Logo mandou chamar o general dos franceses monsieur Raverdière, e depois de lhe fazer uma formosa mostra da sua soldadesca da praia, onde o foi receber com Francisco Caldeira até a fortaleza, se recolheram todos três para dentro, e lhe disse o capitão-mor como Francisco Caldeira de Castelo Branco levava ordem do governador geral Gaspar de Souza para por armas, quando não quisesse por vontade, lhe fazer despejar o Maranhão, e as fortalezas, que tinha na ilha de S. Luiz, porque não havia consentido nas tréguas, nem ainda sabia delas; ao que o Raverdière respondeu que conforme o concerto que tinham feito, se devia esperar resposta de seus reis, a quem tinham escrito, e não inovar nem alterar coisa alguma; mas contudo que iria dar conta aos seus do que se tratava, e brevemente responderia, o que fez daí a quatro dias, pedindo que fossem lá o capitão Caldeira, e o padre frei Manuel da Piedade, propor aos seus o que se havia tratado, e que eles levariam a última resolução, e resposta do negócio, os quais se embarcaram na mesma lancha francesa, que havia levado a carta, e desembarcando na ilha de S. Luiz se foram à fortaleza do nome do mesmo santo, onde os franceses estavam, e se detiveram lá em altercação 13 dias, da qual dilação presumindo mal Jerônimo de Albuquerque começava já aperceber para levar o negócio à força, e lhe fora muito fácil por ter já todo o gentio do Maranhão inclinado ao ajudarem contra os franceses; porém eles se resolveram em largar tudo sem mais contenda, dando-lhes embarcações, em que se fossem para França, pelo que se passaram os nossos para a ilha, a um forte e cerca, que fizeram, a que puseram o nome de S. Joseph, e ali os deixemos por ora, porque importa tratar de outras coisas.
CAPÍTULO SEXTO
De como o capitão Baltazar de Aragão saiu da Bahia com uma armada contra os franceses, e se perdeu
Recebendo Baltazar de Aragão a provisão de capitão-mor da guerra desta Bahia, junto com o aviso da vinda dos inimigo franceses, como dissemos no capítulo primeiro, logo começou a perceber e fortificar assim a cidade como a praia, cercando-as de suas cercas de pau a pique, com tanta diligência que a todo o instante trabalhava com os seus escravos, e criados sem ocupar a outros, senão era a oficiais de carpinteiros, e pedreiros, com que fez de pedra e cal o muro e portal da barda do Carmo, que até então era de terra de pilão, reformou e fortificou as portas, o que tudo pagou da sua bolsa, e até os paus para a cerca da praia mandou vir quase todos nas barcas dos seus engenhos; estando assim prestes aguardando os inimigos, soube que andavam na barra para a parte do morro de São Paulo seis naus francesas, e aprestando das portuguesas, que estavam à carga outras tantas, ele se embarcou em uma sua, que já tinha dentro 300 caixas de açúcar, levando consigo suas charamelas, baixela de prata, e as mais ricas alfaias de sua casa, porque determinava levar logo de lá a presa ao governador, que estava em Pernambuco.

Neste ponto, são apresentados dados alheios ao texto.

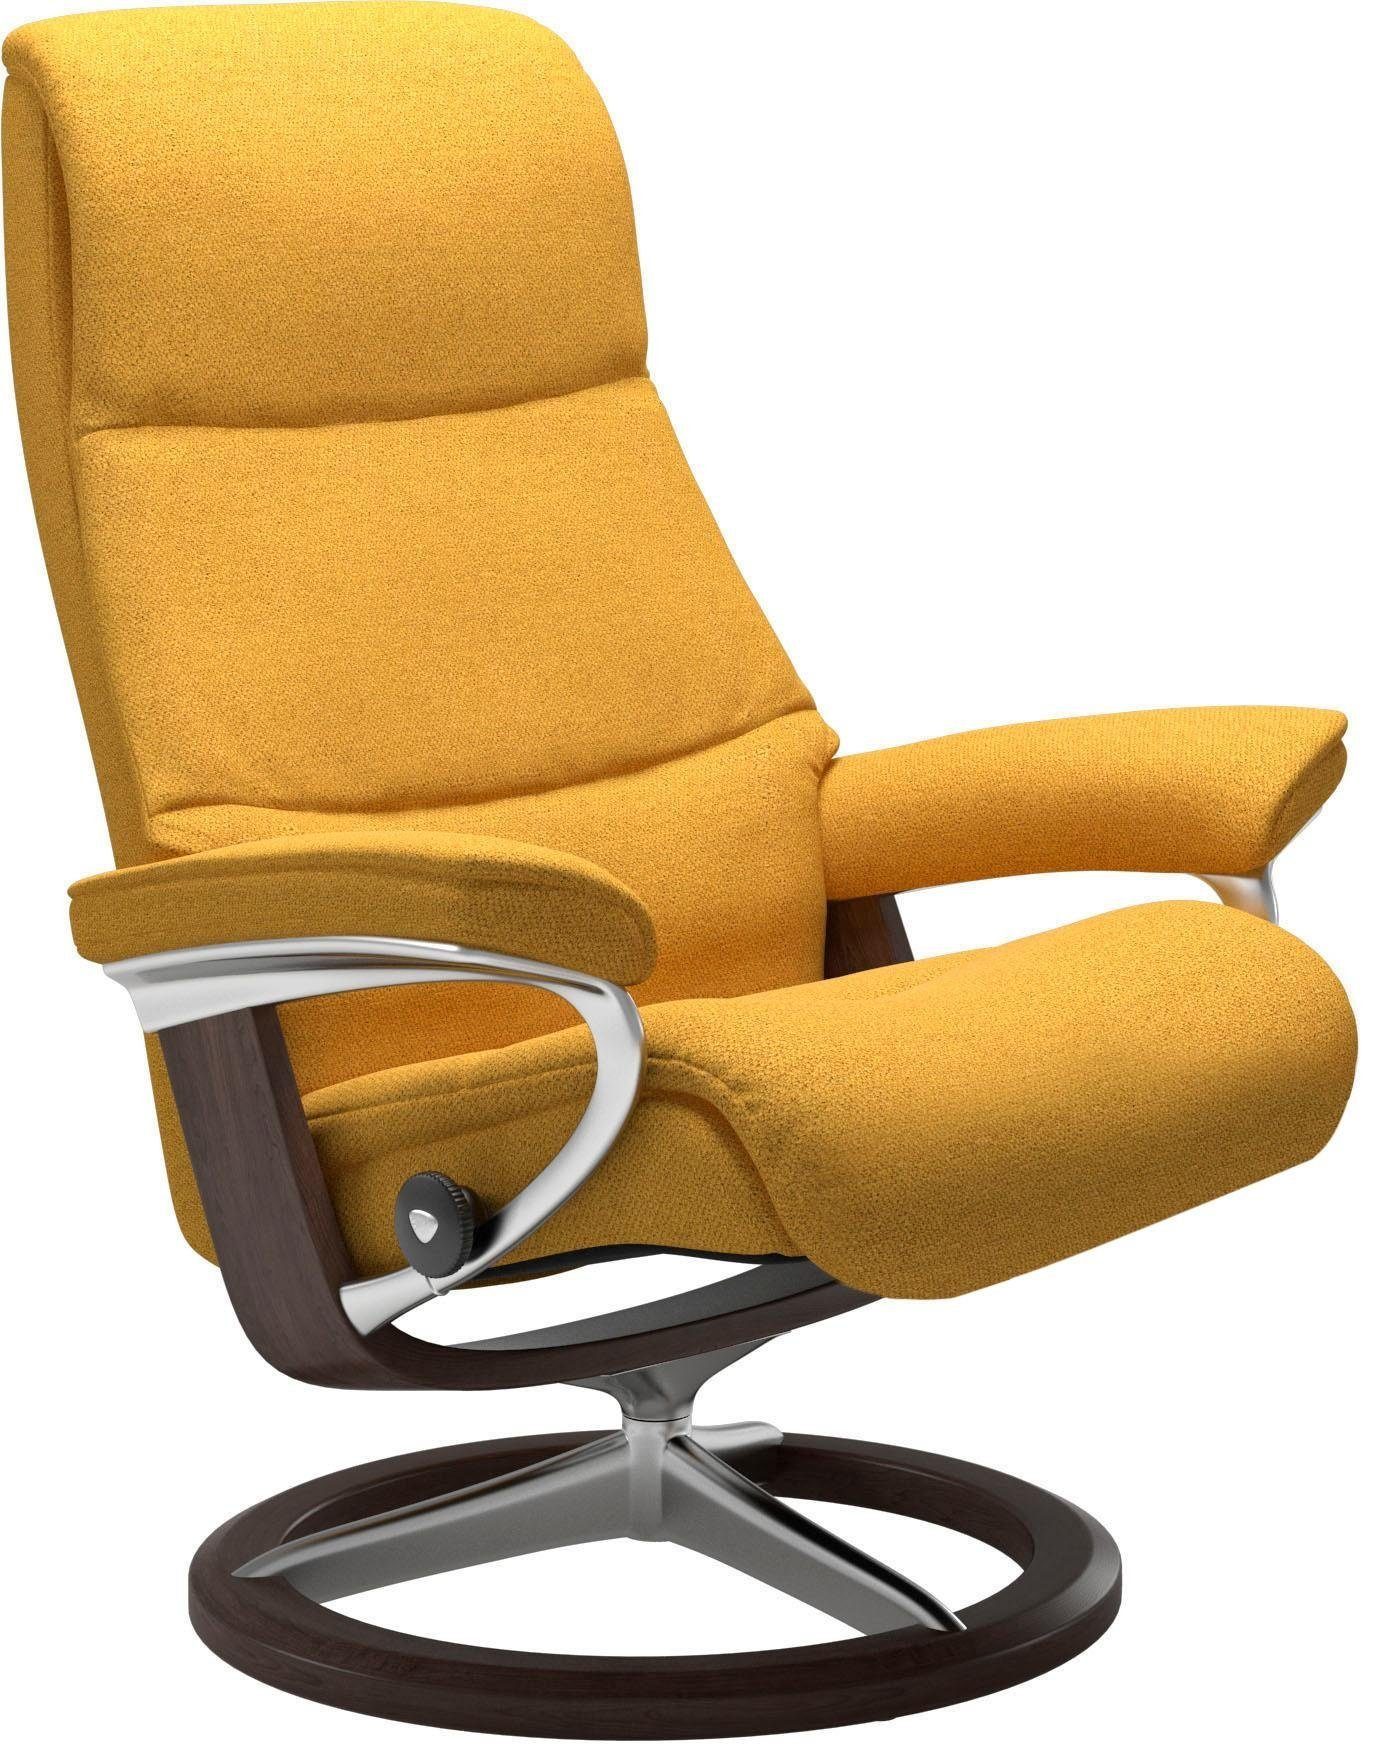 Stressless® Relaxsessel Größe Base, View, S,Gestell mit Signature Wenge
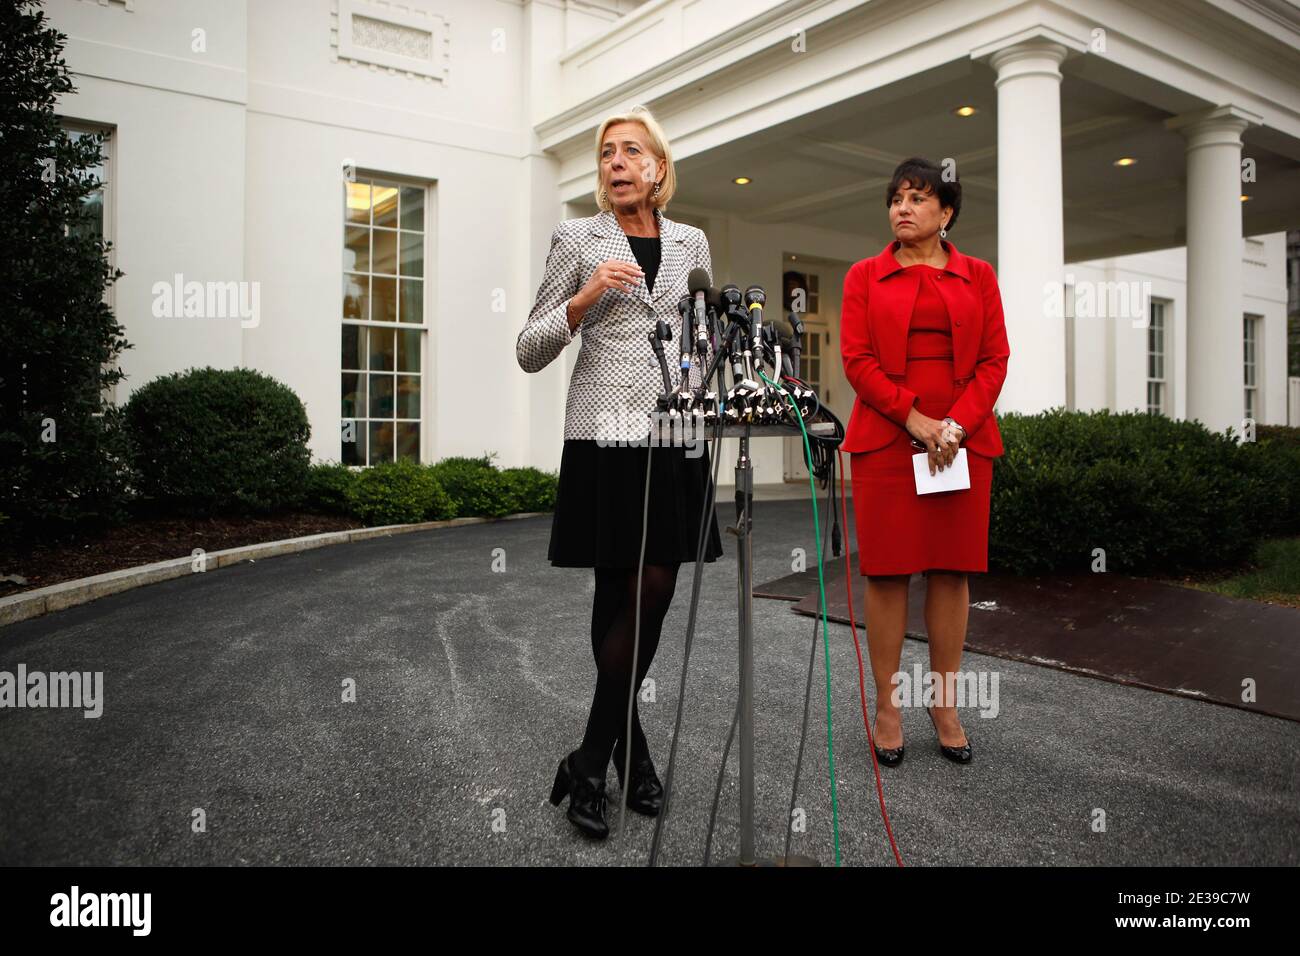 'Pritzker Realty Group Chairman Penny Pritzker (R) and former Change to Win Chair Anna Burger talk to the news media after a meeting of the PresidentÀs Economic Recovery Advisory Board (PERAB) at the White House in Washington, DC, USA on October 04, 2010. President Obama used the meeting to announce the ''Skills for America's Future,'' a program focused on improving partnerships between industry and community colleges with the goals of workforce development strategies, job training programs and job placement. Photo by Chip Somodevilla/ABACAPRESS.COM (Pictured: Penny Pritzker, Anna Burger)' Stock Photo

Das outras naus deu a melhor a Vasco de Brito Freire, que fez seu almirante, e as outras a Gonçalo Bezerra, e Bento de Araújo, que eram capitães de el-rei, e comiam seu soldo nesta cidade, e ao alferes Francisco do Amaral, e a outro chamado Queirós; no dia seguinte depois que partiram, e foi o do bem-aventurado Apóstolo S. Mathias, encontraram com os franceses, e pelejaram de parte a parte animosamente, e os nossos com muita vantagem, porque lhes tomaram uma nau, e lhes trataram a almeiranta tão mal, que ao outro dia seguinte se foi ao fundo, só a capitania quis Baltazar de Aragão poupar, não querendo que lhe tirassem senão abalroar com ela, e tomá-la Sá e inteira para a levar por troféu em seu triunfo, mas não sei se com este vento se com outro, que lhe deu nas velas, quando ia já para a ferrar pendeu tanto a sua nau, que tomou água pelas portinholas da artilharia, e calando-se pelas escotilhas, que iam abertas, foi entrando tanta, que em continenti se foi ao fundo com seu dono, o qual quando se fazia, dizem que dizia “Faço o meu ataúde”, e com ele se afogaram mais de 200 homens assim dentro na nau, como nadando no mar, donde não houve quem os tomasse, porque a Almeiranta se recolheu, e os mais com ele, podendo seguir a vitória com muita facilidade, e se alguns se salvaram foi nadando até às naus dos inimigos, que os tomaram, como foi Francisco Ferraz, filho do desembargador Baltazar Ferraz, que era sobrinho da mulher do Aragão, o qual depois deitaram os franceses em terra 60 léguas do Rio Grande para o Maranhão com outros dois ou três homens, onde de fome e cansaço do caminho morreu ao passar de um rio a pura míngua, sendo que tinha de patrimônio nesta Bahia mais de 50 mil cruzados, porque também seu pai morreu logo de desgosto; e publicamente se disse ser justo juízo de Deus por um caso exorbitante, que pouco antes havia acontecido, e foi o seguinte.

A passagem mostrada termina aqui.